The long game: from quarter‑to‑quarter hits to decade‑long bets

Evaluating Strategy’s approach depends largely on time horizon.
On a quarterly basis, the numbers can look brutal: paper losses in the tens of billions, sharp stock drawdowns, and constant scrutiny of risk.

On a ten‑year scale, the picture looks different. If Bitcoin eventually trades far above current levels, the company’s early and aggressive accumulation could turn today’s losses into rounding errors in a vastly larger asset base.
If Bitcoin stagnates or collapses, however, Strategy’s move will be remembered as one of the most high‑profile examples of concentrated corporate risk in recent history.

This stark asymmetry is at the heart of why the company generates so much attention. It is, by design, a high‑conviction, high‑volatility, high‑uncertainty bet.

What this means for other corporations

Many corporate finance teams are watching Strategy closely, even if they never say so publicly. The questions they are grappling with include:

– Can Bitcoin genuinely function as a long‑term treasury reserve asset?
– How will shareholders react to such concentrated exposure?
– Do potential returns justify the accounting complexity and regulatory uncertainty?

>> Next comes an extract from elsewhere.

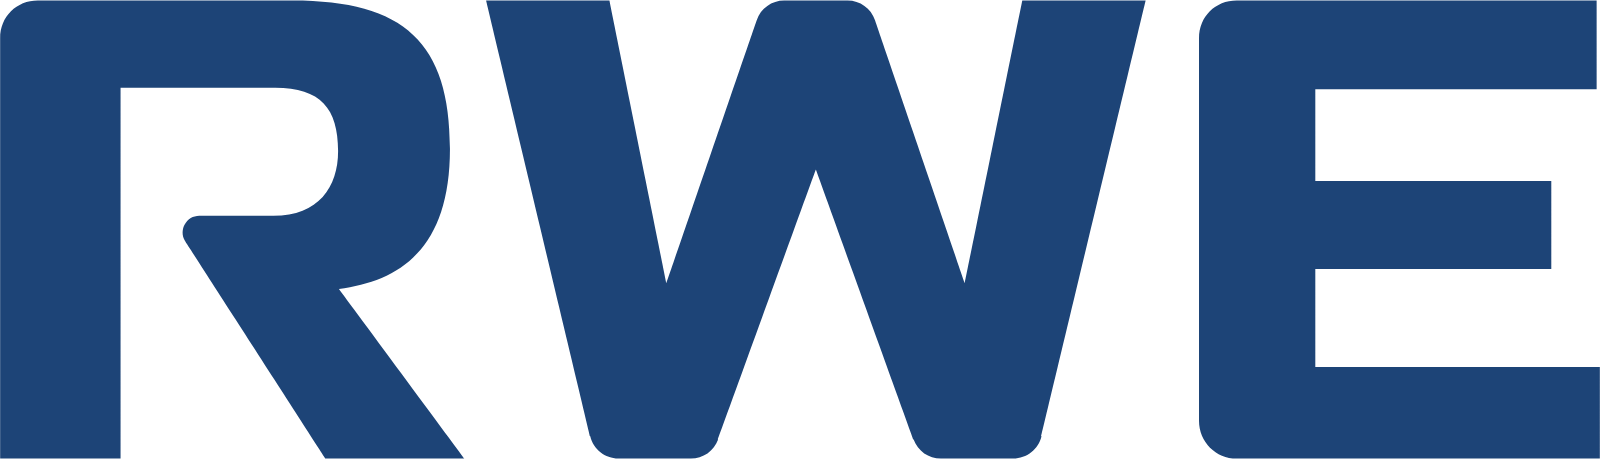 RWE logo (PNG transparent)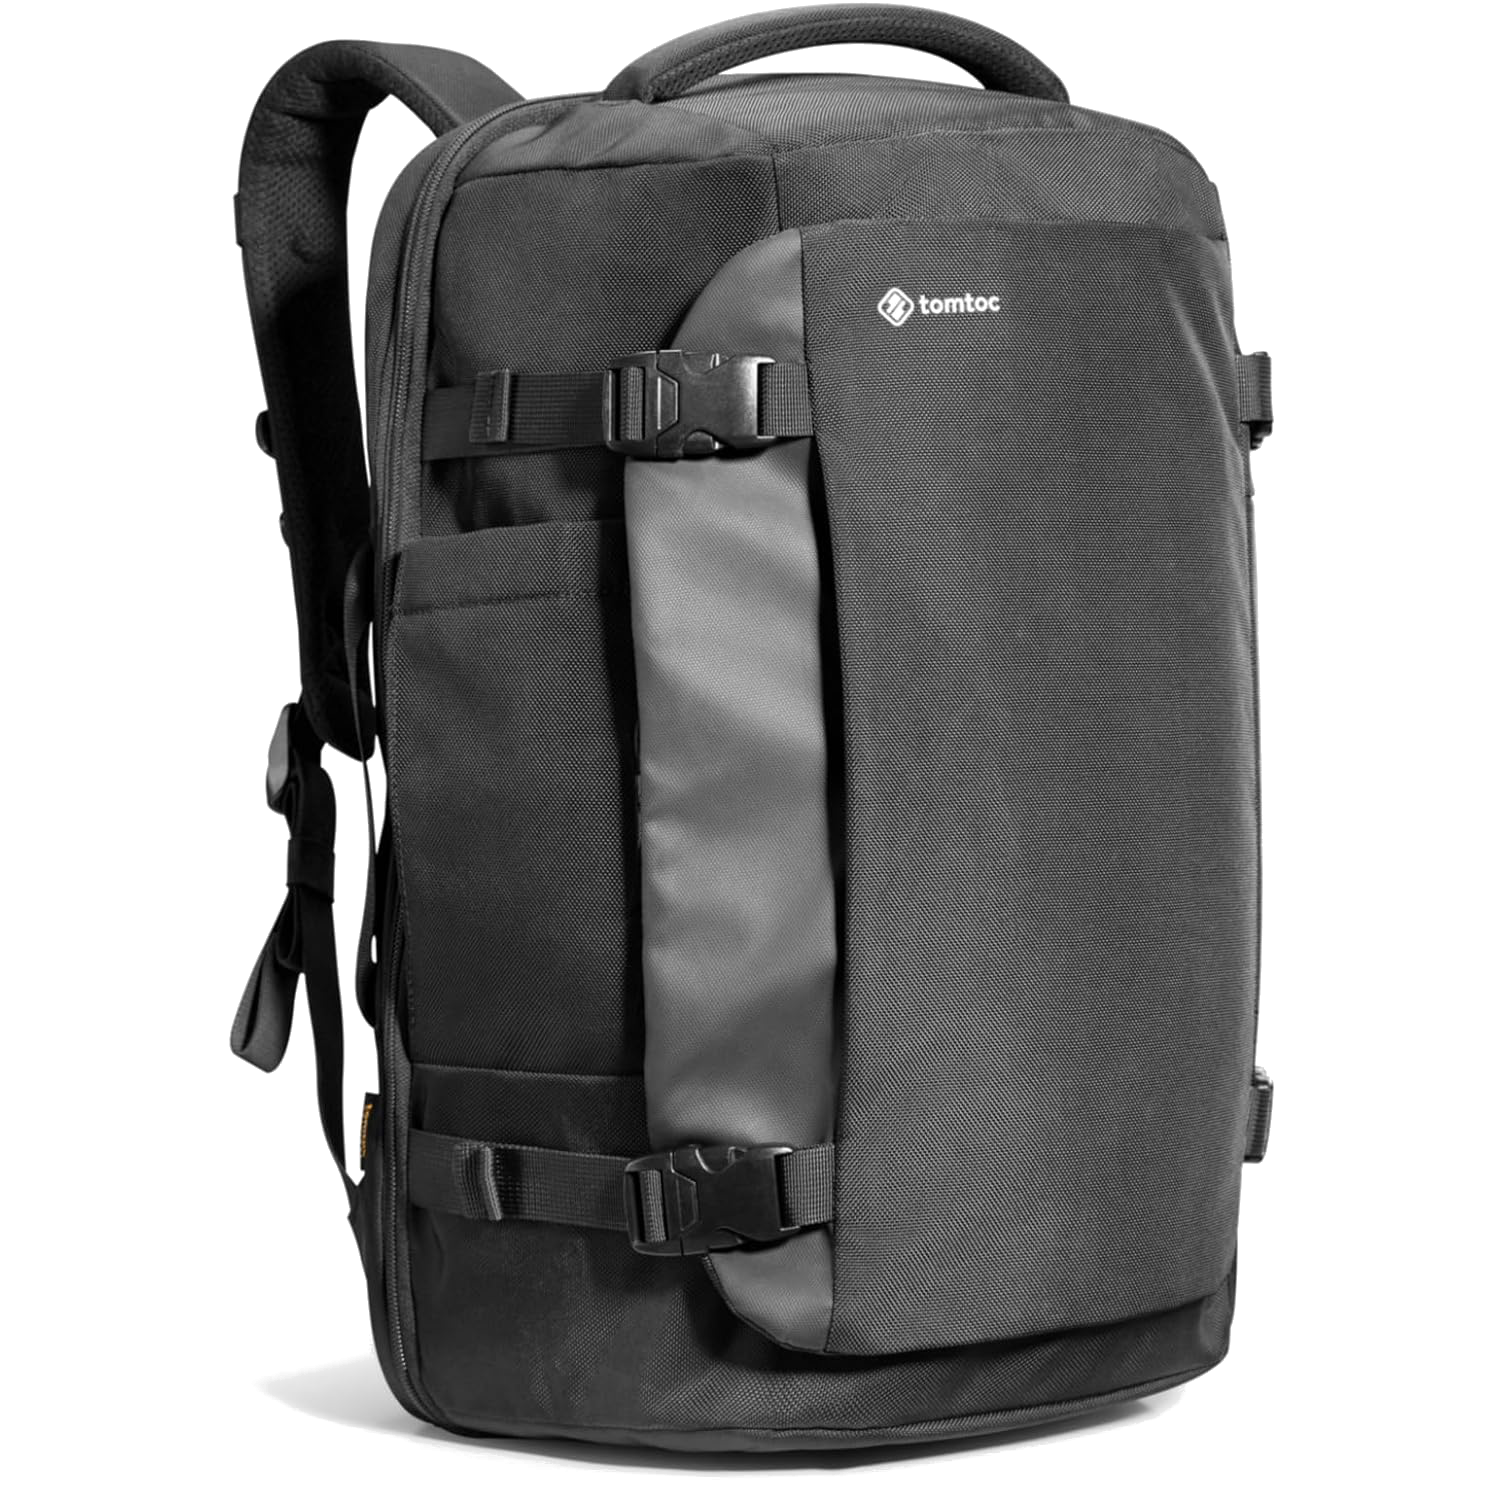 tomtoc-40l-travel-laptop-backpack-render-01

Strategy’s experience provides a live case study. On one side of the ledger: headline‑grabbing losses and stock volatility. On the other side: a massive strategic position in what proponents call “digital gold,” acquired before many peers even considered it.

If Bitcoin recovers strongly from the current slump and moves to new highs, Strategy’s boldness could pressure other firms to reassess their own treasury strategies. If the downturn deepens, it may serve as a cautionary tale against taking on similar levels of exposure.

Risk, reassurance, and what comes next

For now, Strategy’s message is clear: it is not backing away. The company is signaling that it can withstand severe stress tests, restructure its liabilities, and continue to acquire Bitcoin even when market sentiment turns pessimistic.

The looming 99th purchase is more than just another line item on a balance sheet. It is a declaration that, despite a 12.4 billion dollar quarterly loss and Bitcoin’s worst start to a year on record, Strategy is still building for a future where BTC plays a central role in global finance.

Whether that future materializes remains uncertain. But in an environment where many investors retreat at the first sign of red, Saylor’s refusal to pivot sends a loud message: for Strategy, this is not a trade to time, but a thesis to endure.